What to produce:
Your answer should consist solely of the lines from the one holding "Mighty Morphin Power" through the final line of the entries, reproduced exactly and without pictures.

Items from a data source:
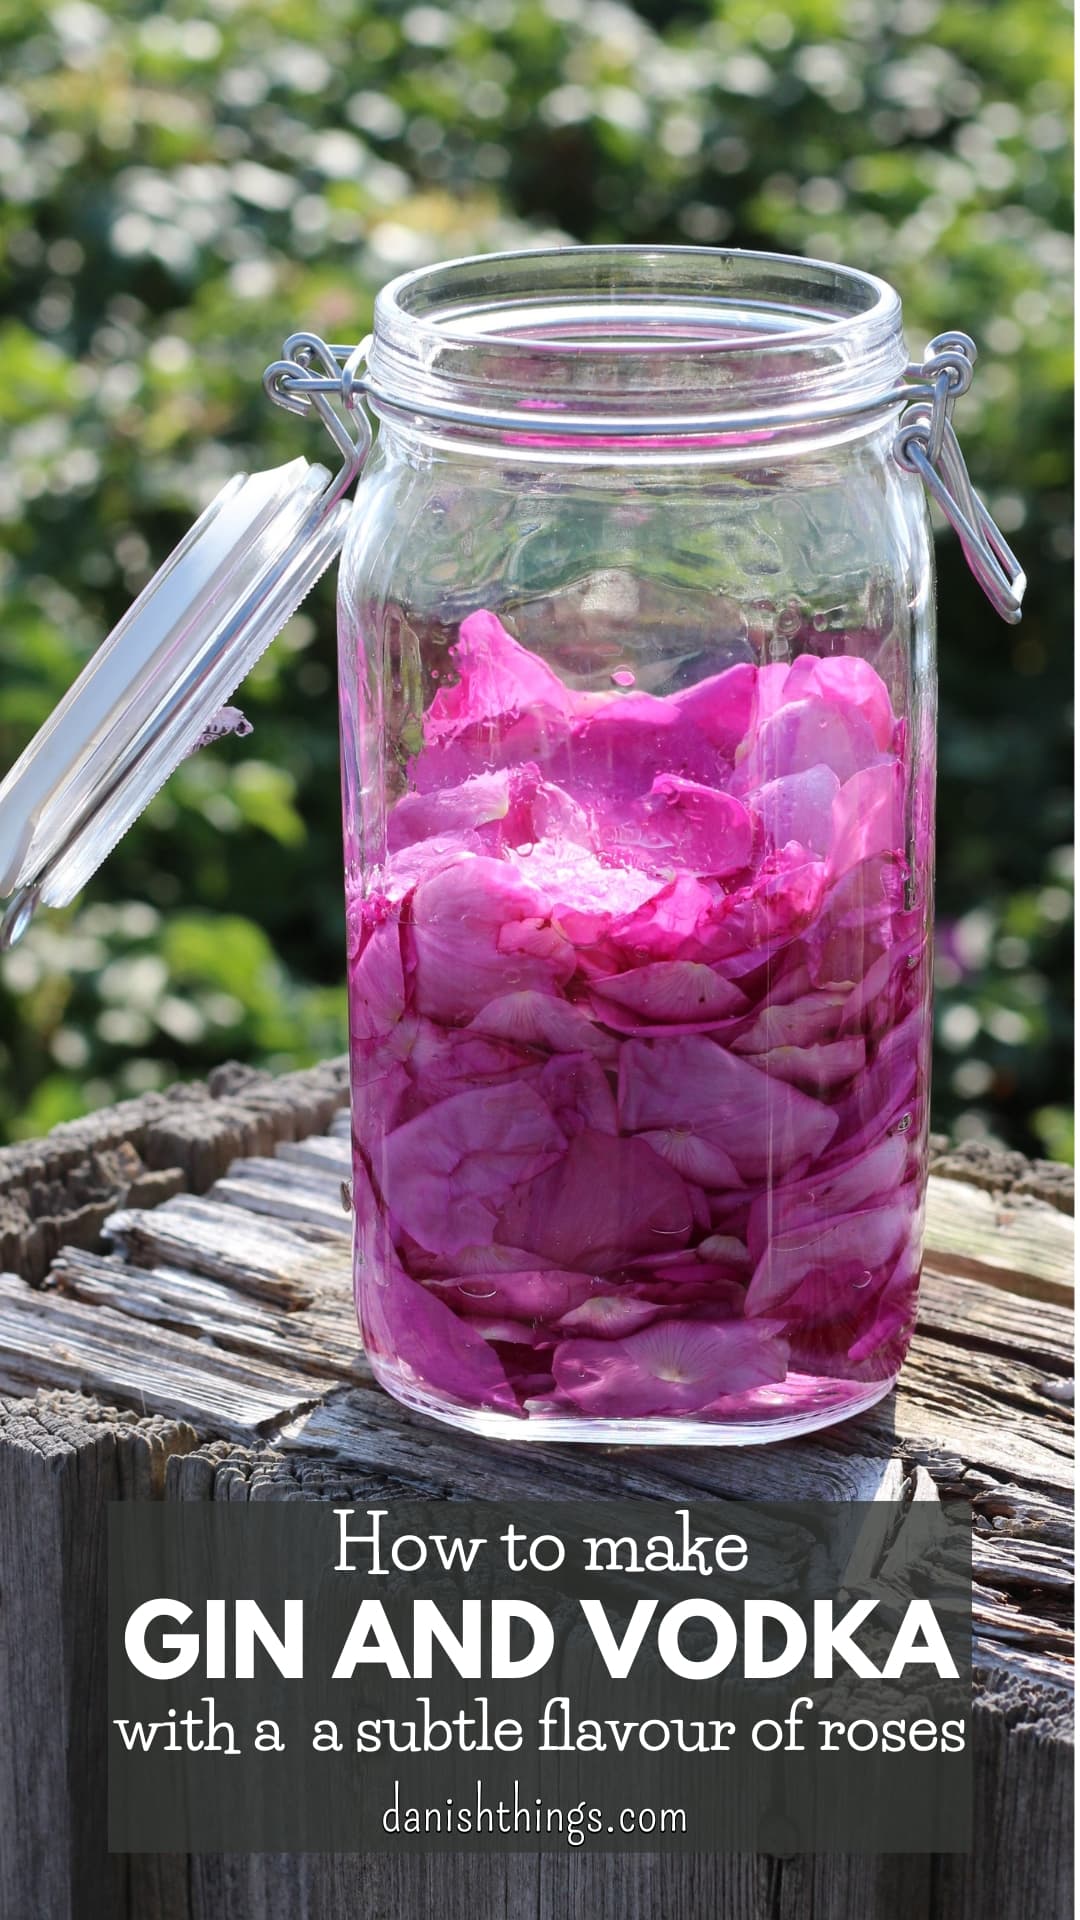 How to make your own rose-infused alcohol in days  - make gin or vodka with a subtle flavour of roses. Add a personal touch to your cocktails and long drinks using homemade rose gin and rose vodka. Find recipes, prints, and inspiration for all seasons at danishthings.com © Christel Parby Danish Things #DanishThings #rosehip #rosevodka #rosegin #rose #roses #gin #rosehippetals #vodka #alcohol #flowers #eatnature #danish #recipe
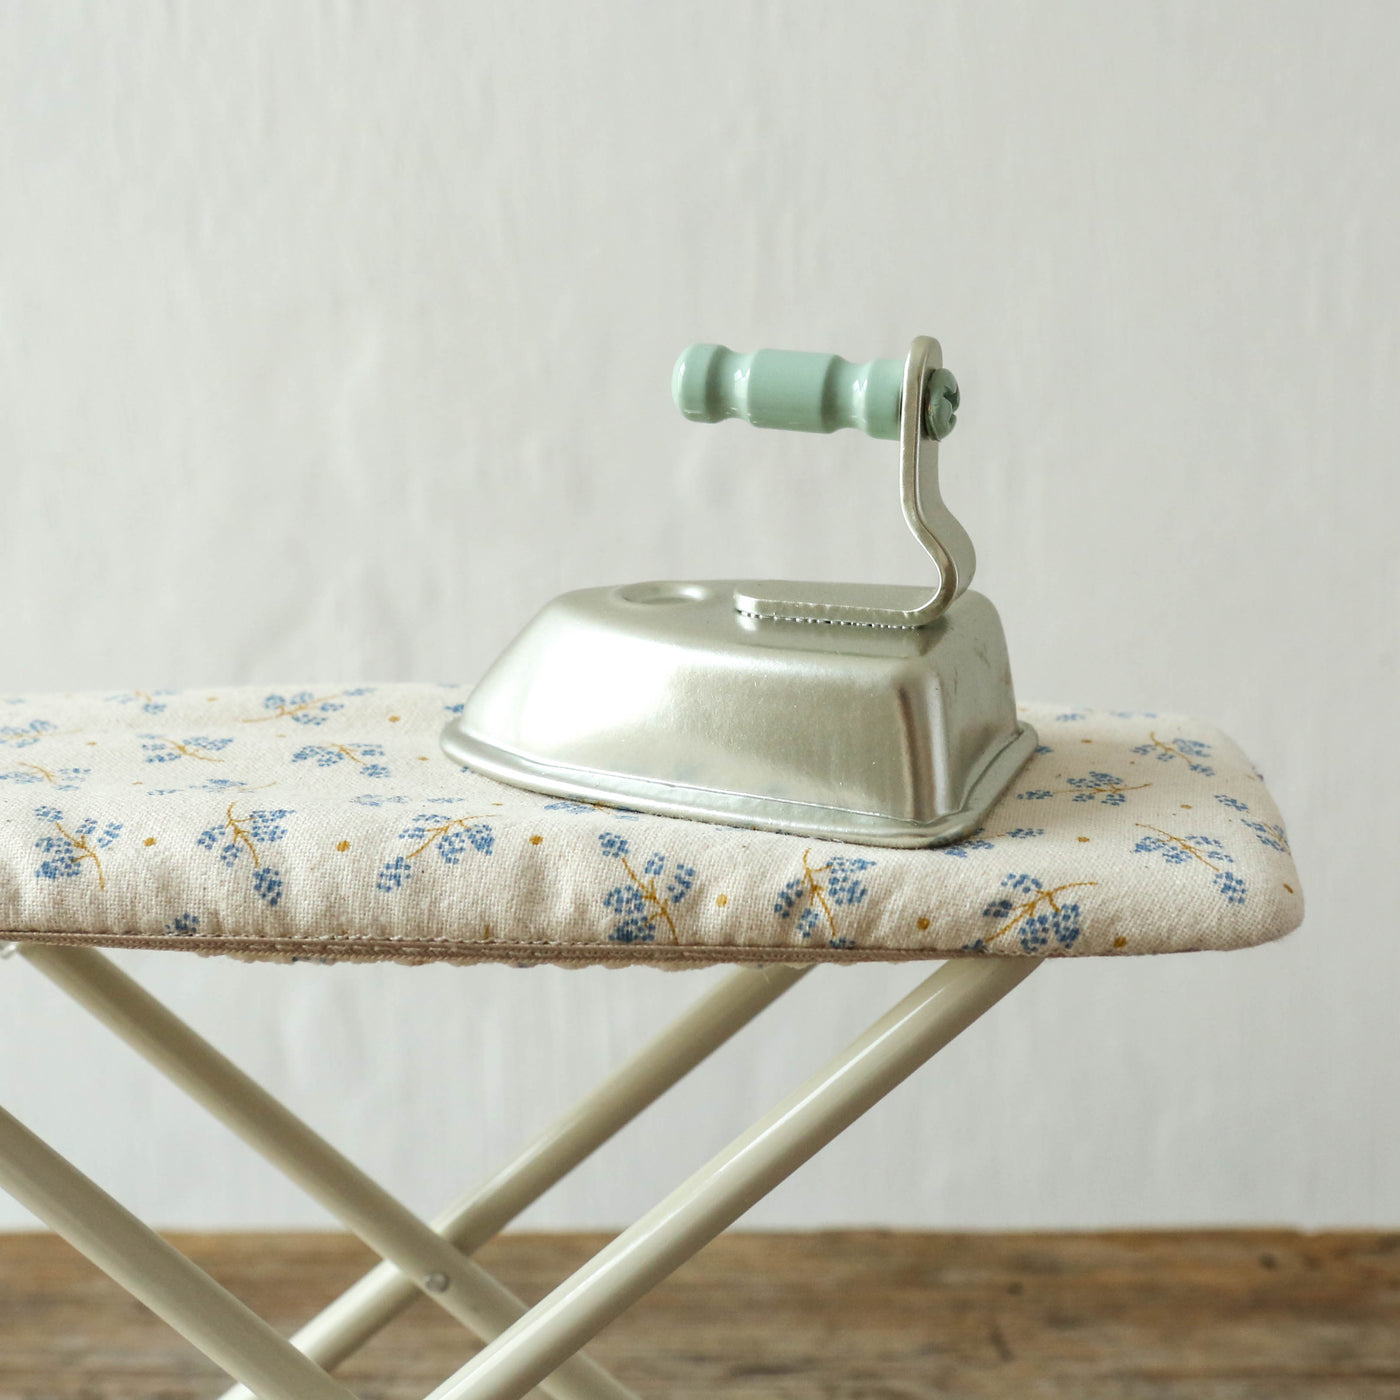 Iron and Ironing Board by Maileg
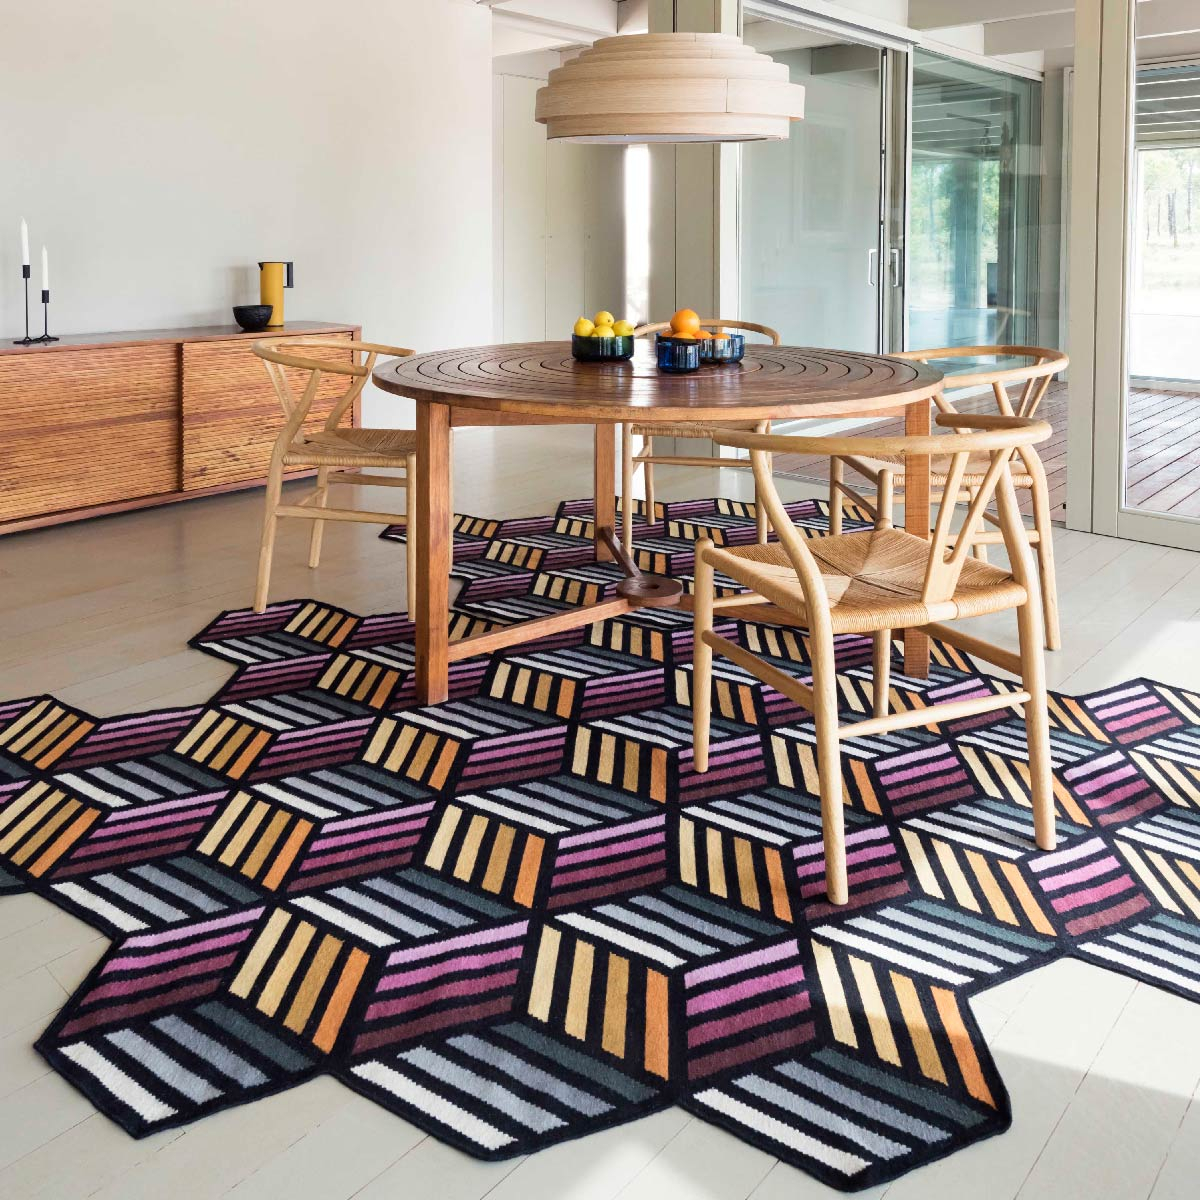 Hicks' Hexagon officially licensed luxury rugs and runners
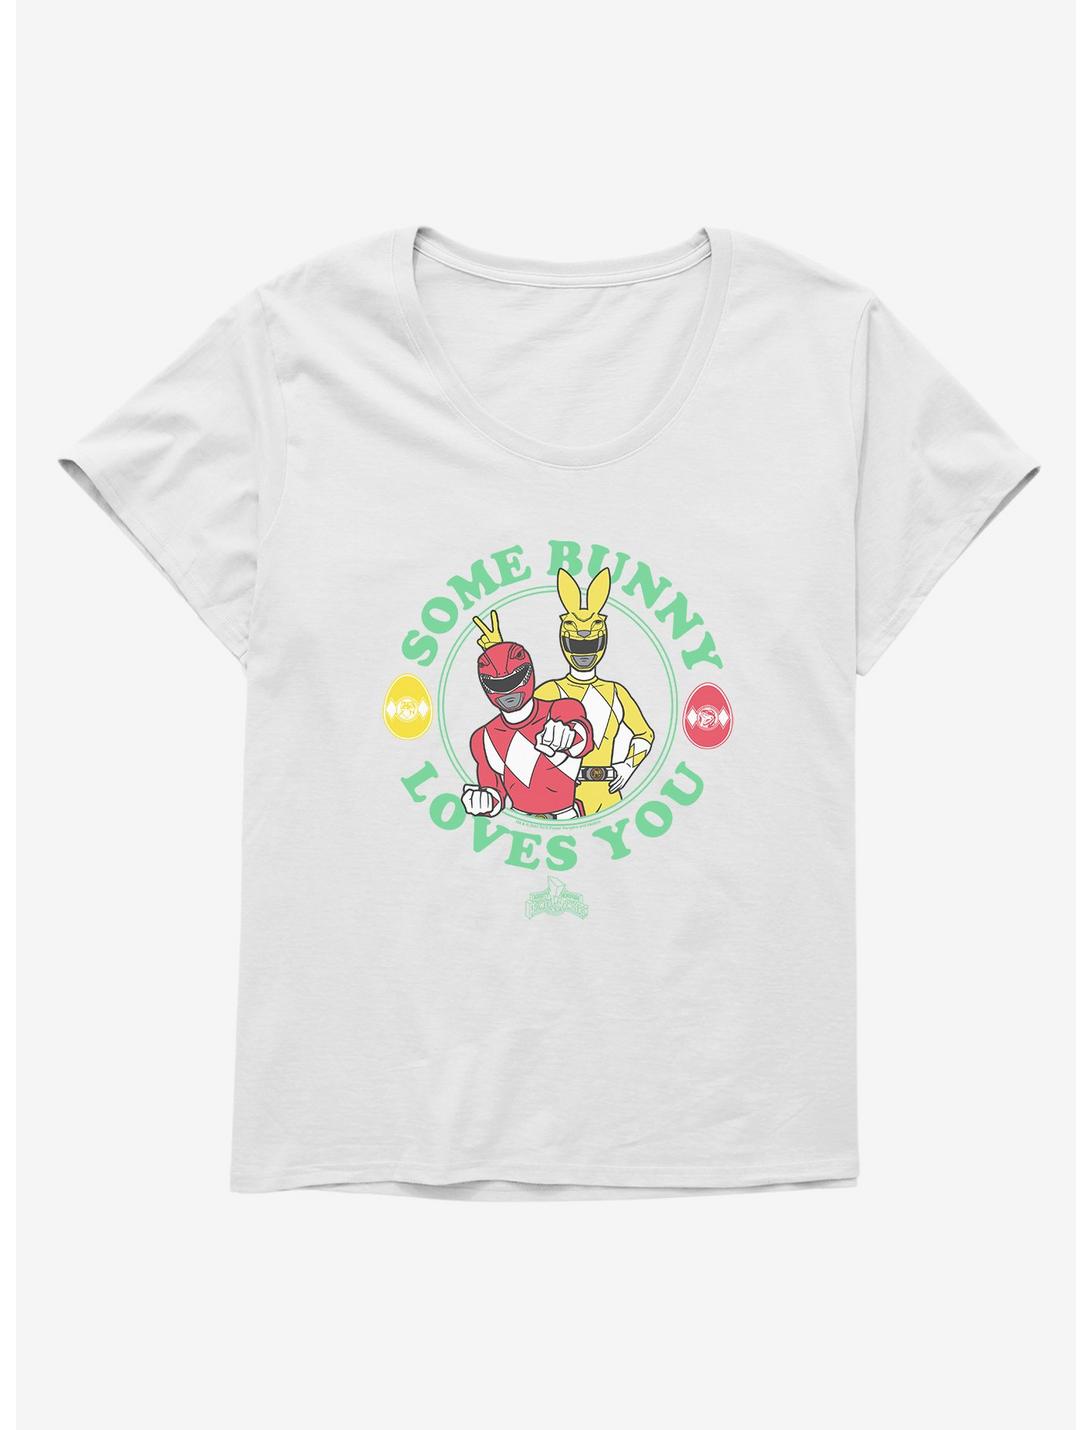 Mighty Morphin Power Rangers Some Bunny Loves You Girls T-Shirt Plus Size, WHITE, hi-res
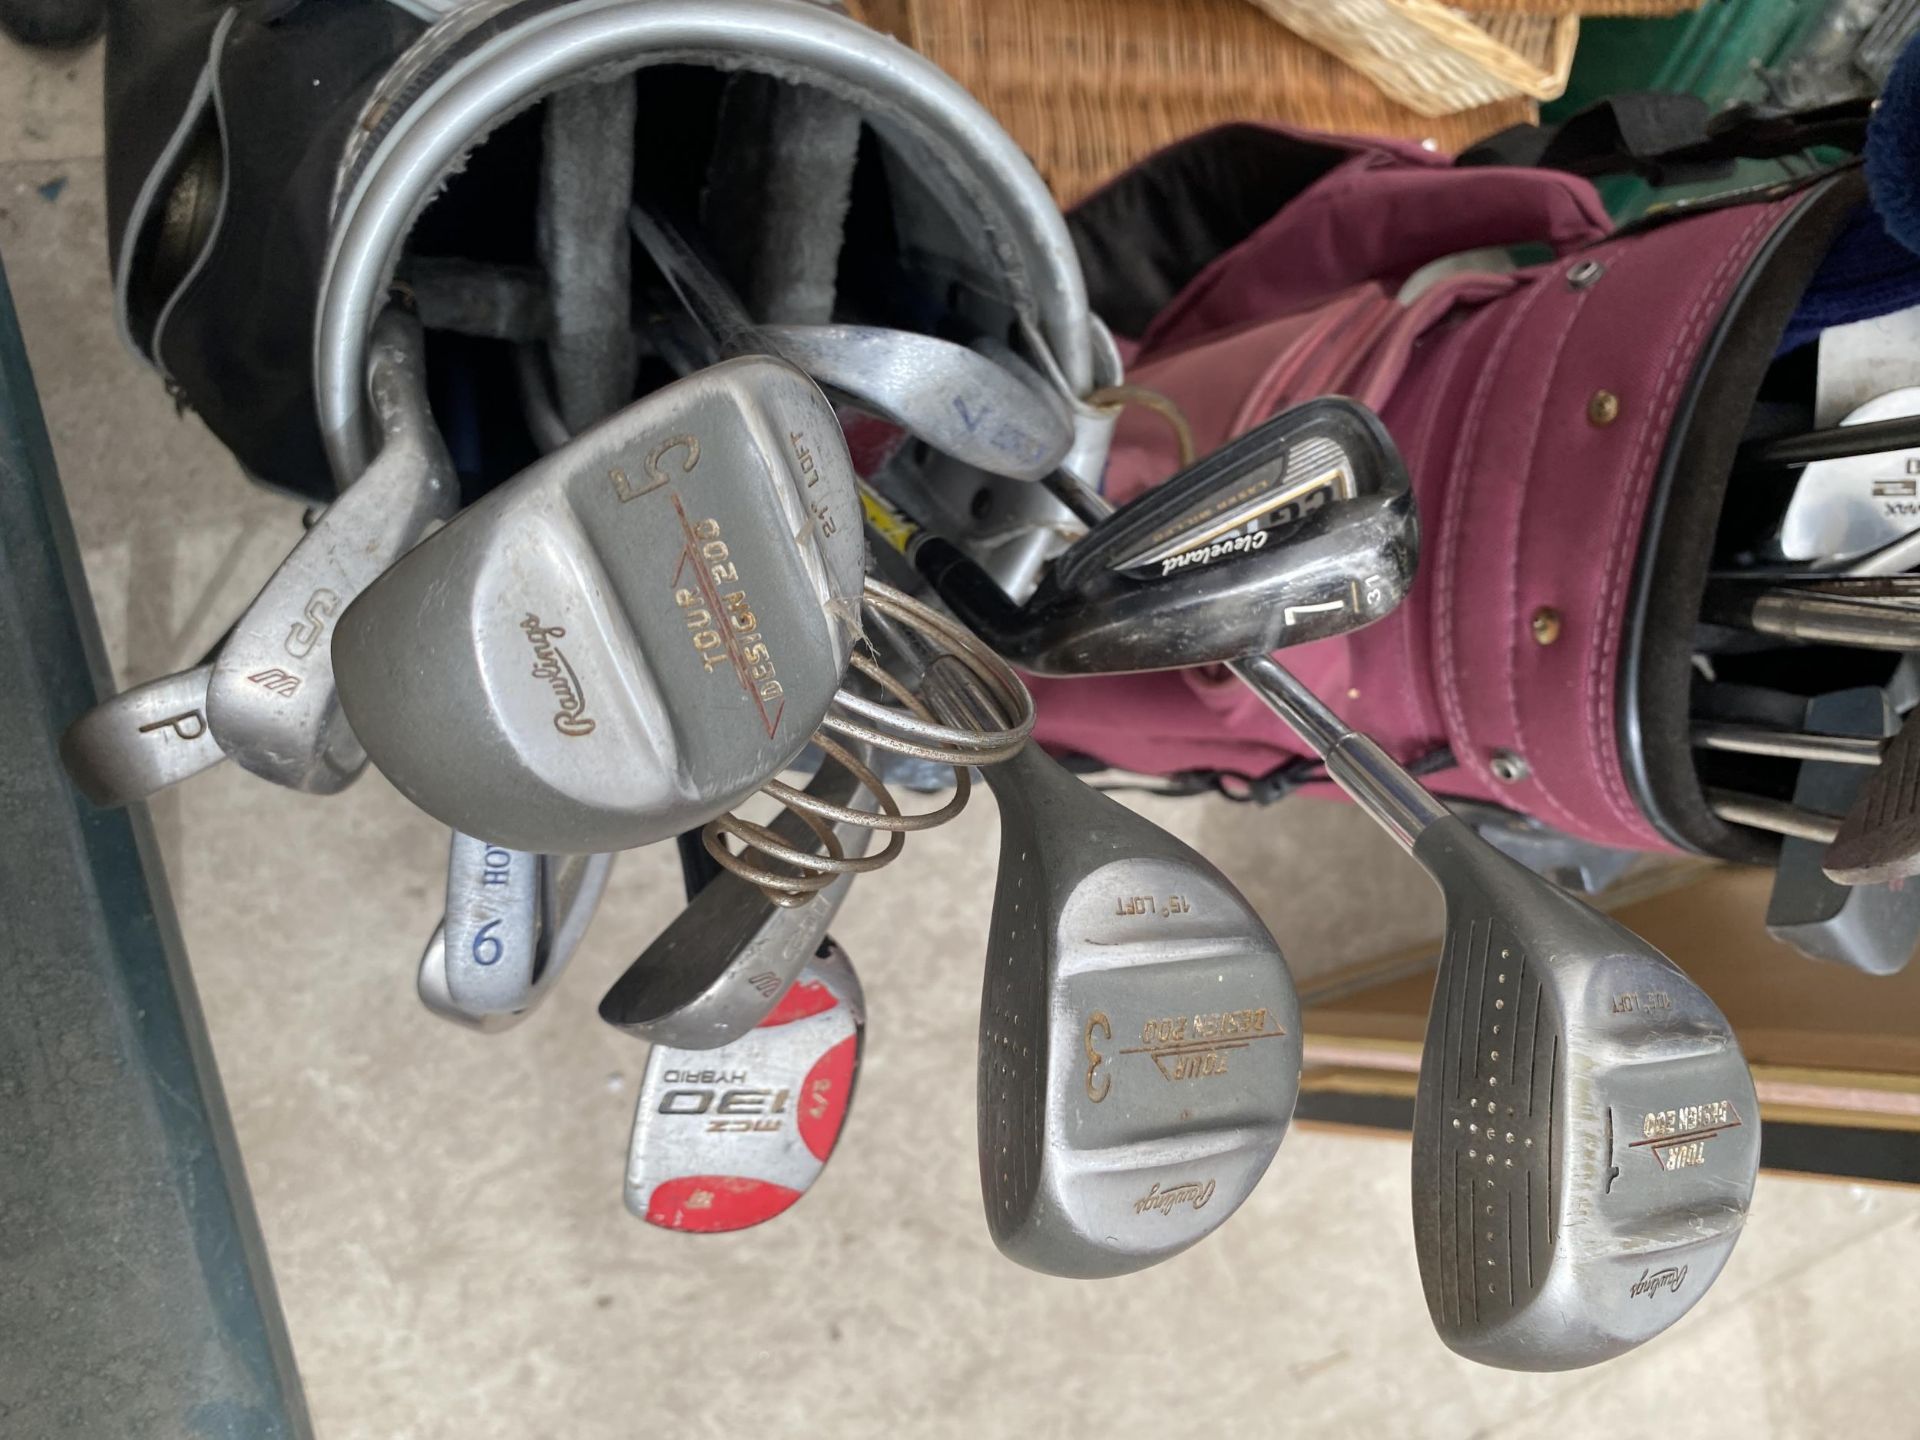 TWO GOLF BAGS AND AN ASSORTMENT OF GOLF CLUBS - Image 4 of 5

Result of this task:
 Mighty Morphin Power Rangers Some Bunny Loves You Girls T-Shirt Plus Size, WHITE, hi-res
 TWO GOLF BAGS AND AN ASSORTMENT OF GOLF CLUBS - Image 4 of 5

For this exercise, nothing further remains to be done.